2053. If it is determined that the directed sequence diagram has other edges from the departure node u to the arrival node v, deleting the edge e from the directed sequence diagram, and obtaining a transfer reduction diagram.
If there are other edges in the directed sequence diagram, except the edge e, from the departure node u to the arrival node v, the edge e is described as a logically redundant edge, i.e., a logically redundant constraint in the constraint system.
In one example, if there are three nodes u, v, z in the directed sequence diagram, the side relationship of the three is u > v > z and u > z, since node u can already reach z through the path u > v > z, and the two paths u > v or v > z cannot reach z due to the fact that u cannot reach v or v cannot reach z after deletion, the two paths u > v or v > z cannot be deleted, the path u > z is an additional side, and the side u > z is a logically redundant side, that is, a logically redundant constraint in the constraint system.
In another example, the transfer reduction graph may also be constructed based on top-down transfer reduction and bottom-up transfer closure, specifically, the transfer closure is constructed by starting from the empty edge set E ', adding new edges continuously, for example, for each node u traversed in topological order, for each node v reachable by u in set E, adding (u, v) to set E ' if there is no path from u to v in set E '.
206. The transfer reduced graph is compared to the directed sequence graph to determine reduced redundancy edges.
It should be noted that, based on graph theory, when we get the transfer reduction graph G t Thereafter, its edge set may be mapped back to the constraint set, and at this time, the graph G is reduced due to the directed sequence and transfer t With the same transitive closure, there is no change in the feasible region range represented by the constraint. Due to the fact that reduced graph G is transferred t The radix of the edge set of (a) is generally always smaller than the directed sequence graph G, passing the reduction graph G t Also referred to as a transfer reduction graph of the directed sequence graph G.
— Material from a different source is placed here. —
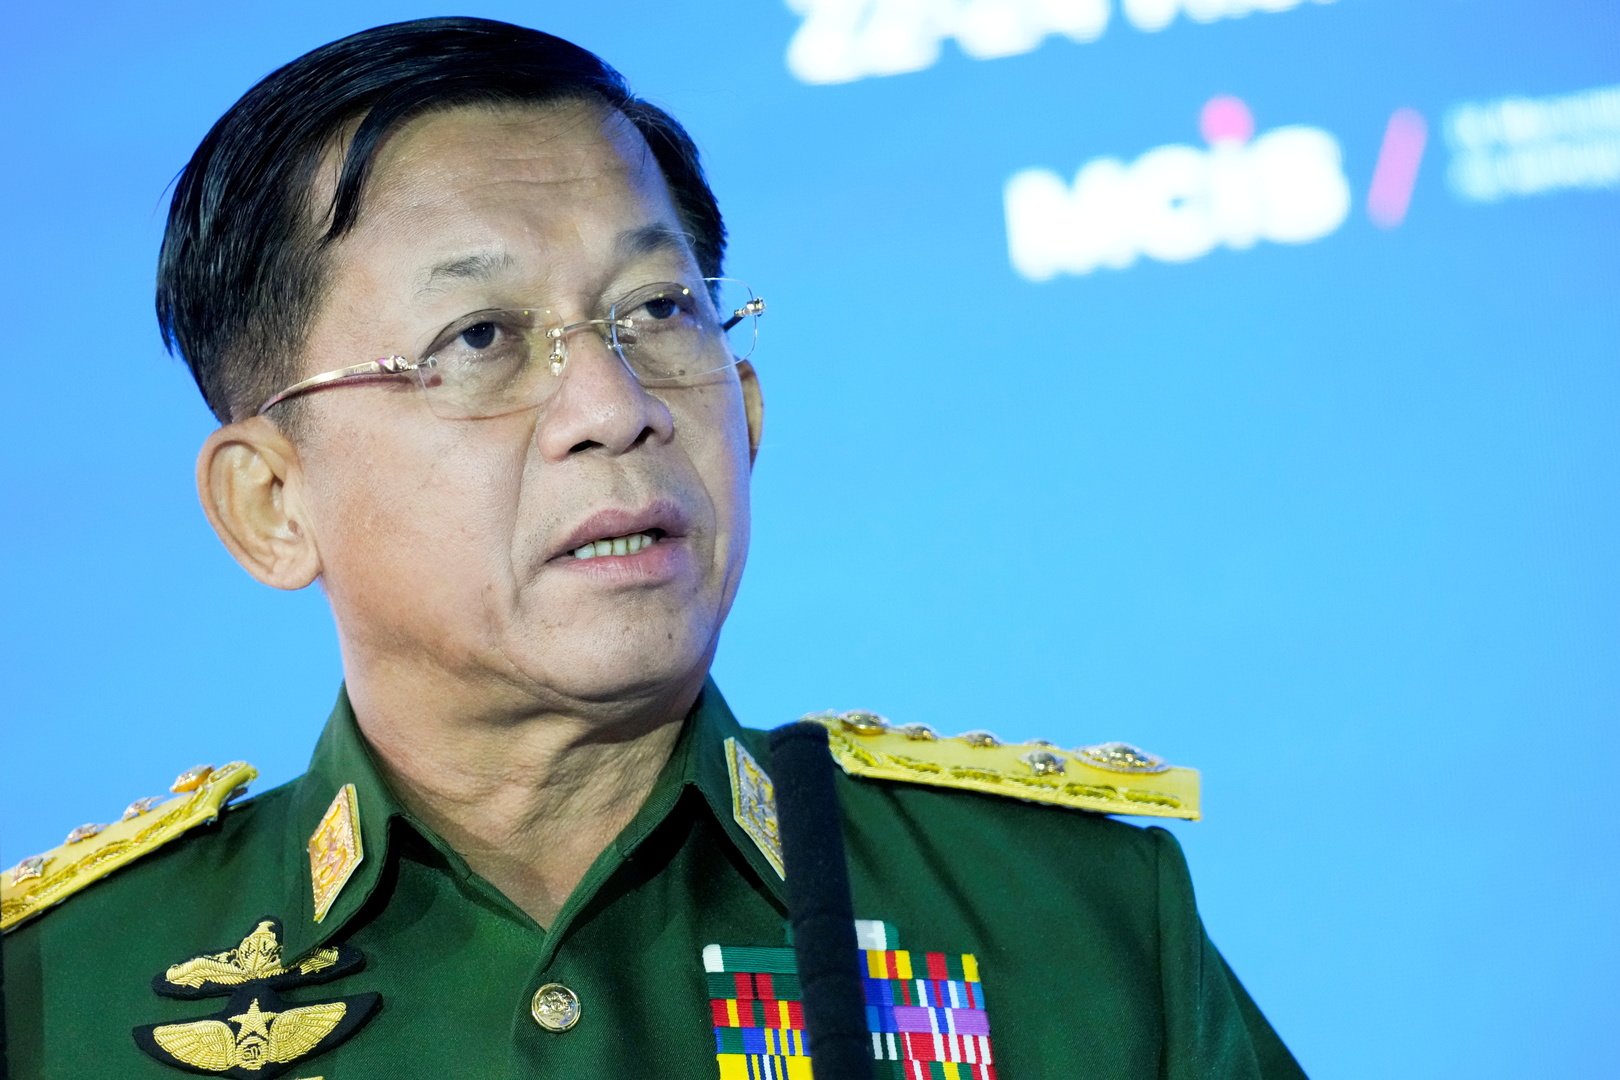 وسائل إعلام رسمية: حاكم ميانمار العسكري يصبح رئيسا للوزراء
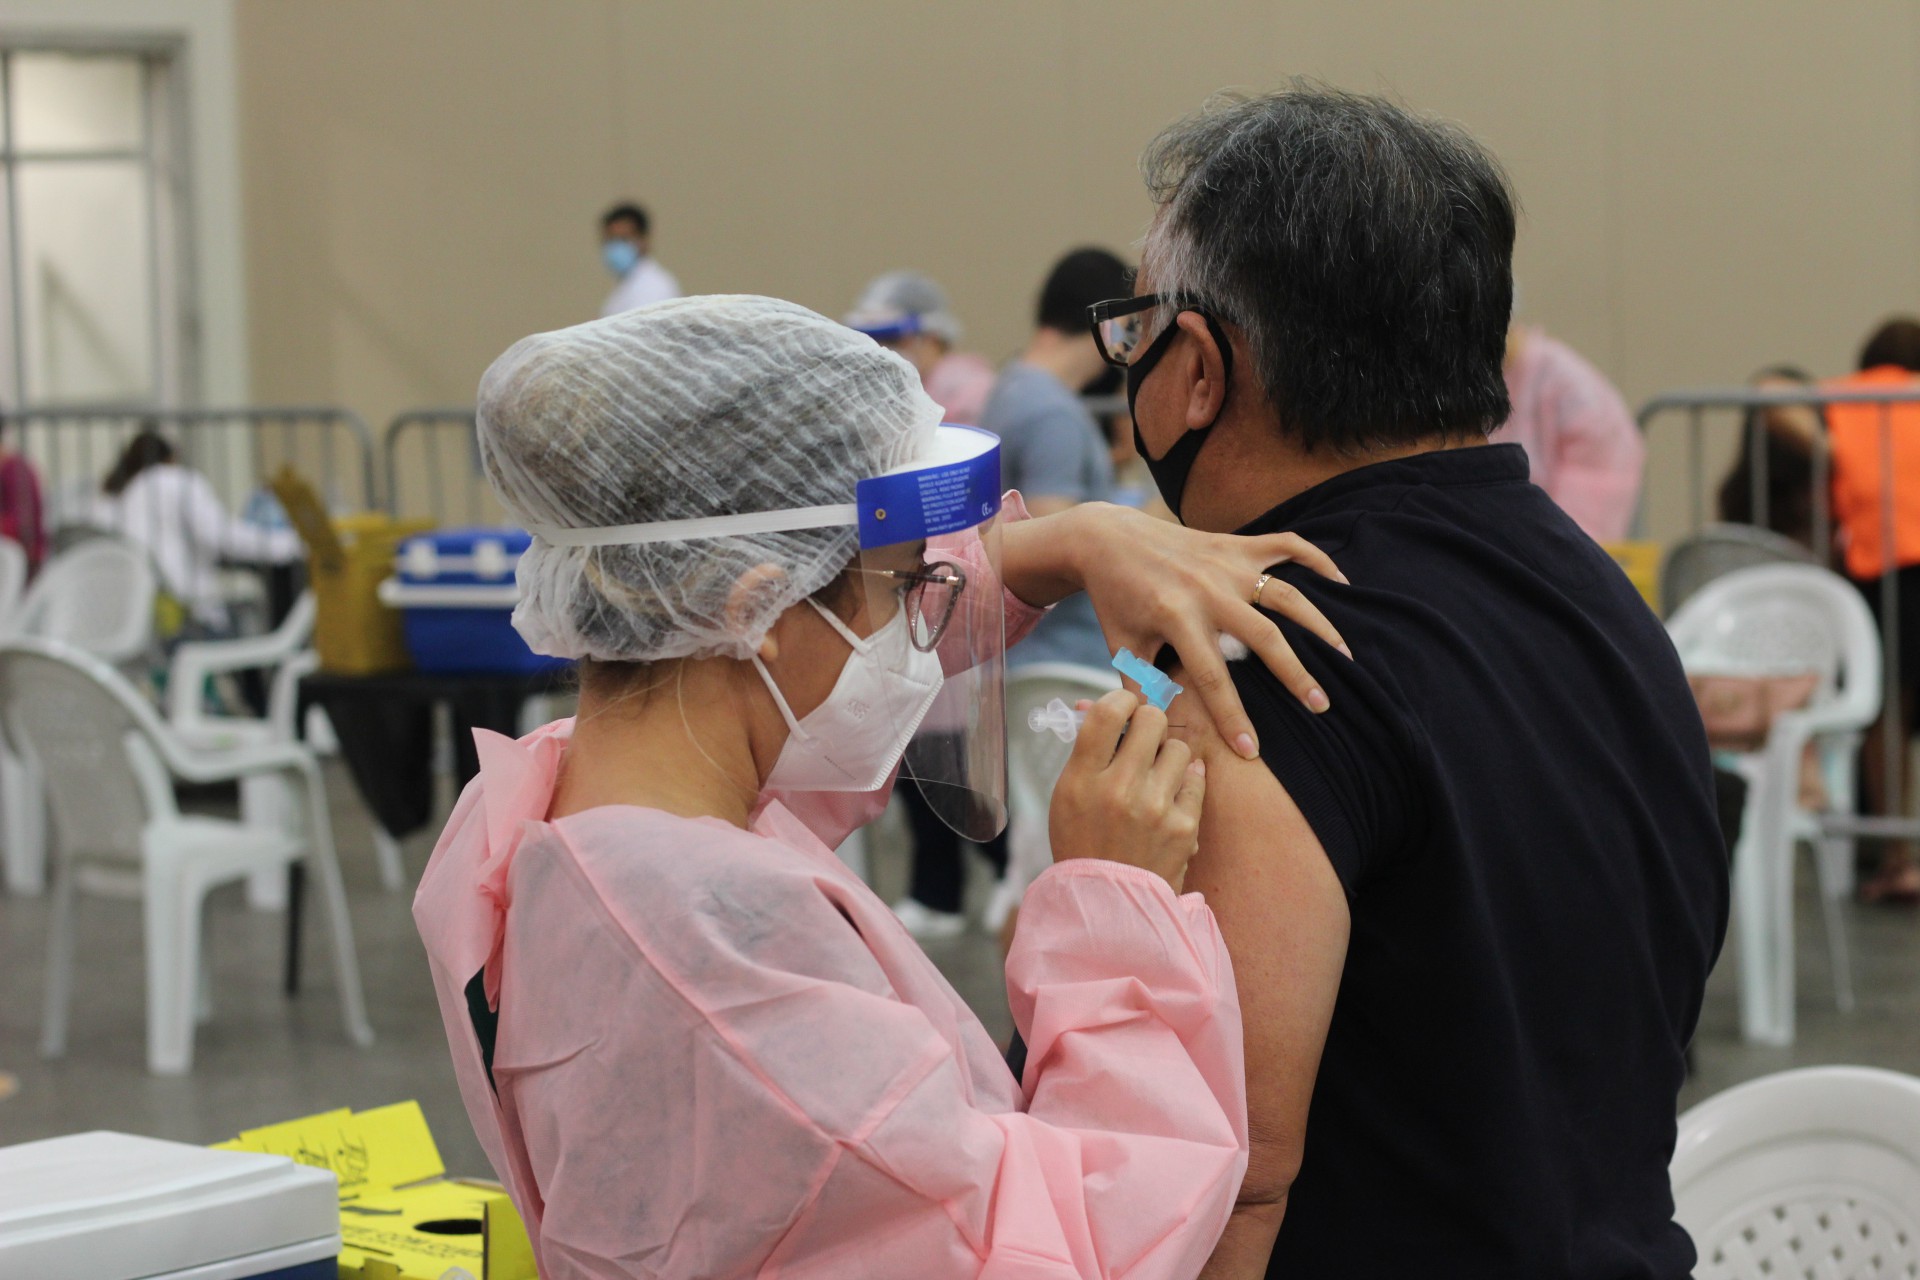 Centro de Eventos do Ceará recebeu profissionais da saúde para vacinação nesta segunda-feira, 25. (Foto: Deisa Garcêz/Especial para O Povo)

At the same time, the transfer reduction graph G is obtained t Then, the result is compared with the directed sequence diagram G to find out the edges which exist in the original sequence diagram but do not exist in the reduced sequence diagram, namely the reduced redundancy edges.
In one implementation, the transfer reduction graph is compared to the directed order graph, and edges that exist in the directed order graph and that do not exist in the transfer reduction graph are screened out as reduced redundancy edges.
207. And reducing the corresponding constraint to be reduced in the constraint set to be reduced according to the redundant edge to be reduced.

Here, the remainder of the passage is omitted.